Die Zahl der Neuerkrankungen wird in Ländern mit niedrigem und mittlerem Einkommen, die derzeit die niedrigsten Überlebensraten aufweisen (geschätzte 81%), am stärksten zunehmen. Ein Hauptgrund dafür ist, dass diese Länder begrenzte Gesundheitsressourcen für die Bekämpfung von Infektionskrankheiten und die Verbesserung der Gesundheit von Müttern und Kindern aufwenden mussten. und dass die Gesundheitsdienste nicht in der Lage sind, Krebserkrankungen vorzubeugen, zu diagnostizieren und zu behandeln.

“Dies ist ein Weckruf, der uns alle auffordert, die inakzeptablen Ungleichheiten zwischen reichen und armen Ländern bei Krebsdiensten zu beseitigen.”, sagte Dr. Ren Minghui, stellvertretender Generaldirektor der WHO. “Wenn Menschen Zugang zu Grundversorgung und Überweisungssystemen haben, kann Krebs frühzeitig erkannt, wirksam behandelt und geheilt werden. “

Gemeinsam vorbeugen und heilen

Die WHO stellt eine Reihe von Maßnahmen zur Vorbeugung neuer Krebsfälle vor, z Beseitigung von Gebärmutterhalskrebs durch Impfung gegen humanes Papillomavirus.

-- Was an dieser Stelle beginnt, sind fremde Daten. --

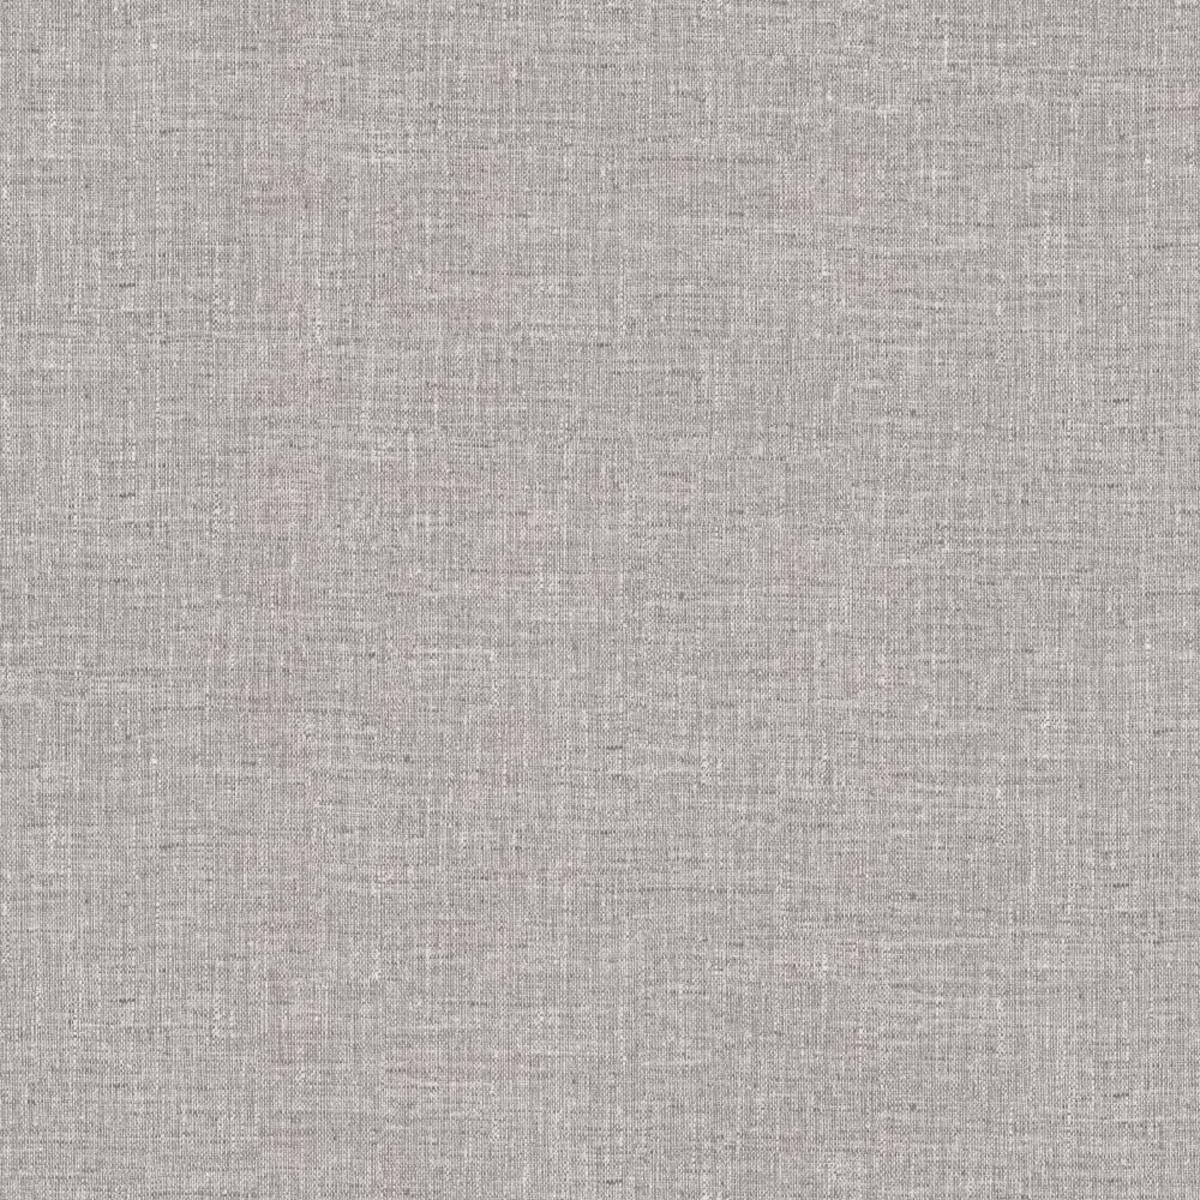 Обои виниловые Trend Color Gradient TC71336-44 1.06 м

“Wenn wir verschiedene Interessengruppen zur Zusammenarbeit mobilisieren, könnten wir in den nächsten zehn Jahren mindestens 7 Millionen Menschenleben retten.”, sagt WHO-Direktor Tedros Adhanom Ghebreyesus.

Der Bericht zeigt, dass die Forschung zwar dazu beigetragen hat, die Zahl der Krebstoten zu senken, der Rückgang jedoch in reichen Ländern am größten ist.

“Länder mit hohem Einkommen haben Präventions -, Frühdiagnose – und Screeningprogramme eingeführt, die zusammen mit einer verbesserten Behandlung dazu beigetragen haben, die Rate vorzeitiger Todesfälle zwischen 2000 und 2015 um schätzungsweise 20% zu senken Länder mit niedrigem Einkommen, die Reduktion betrug nur 5% “, sagt die Direktorin der Internationalen Agentur für Krebsforschung, Elisabete Weiderpass.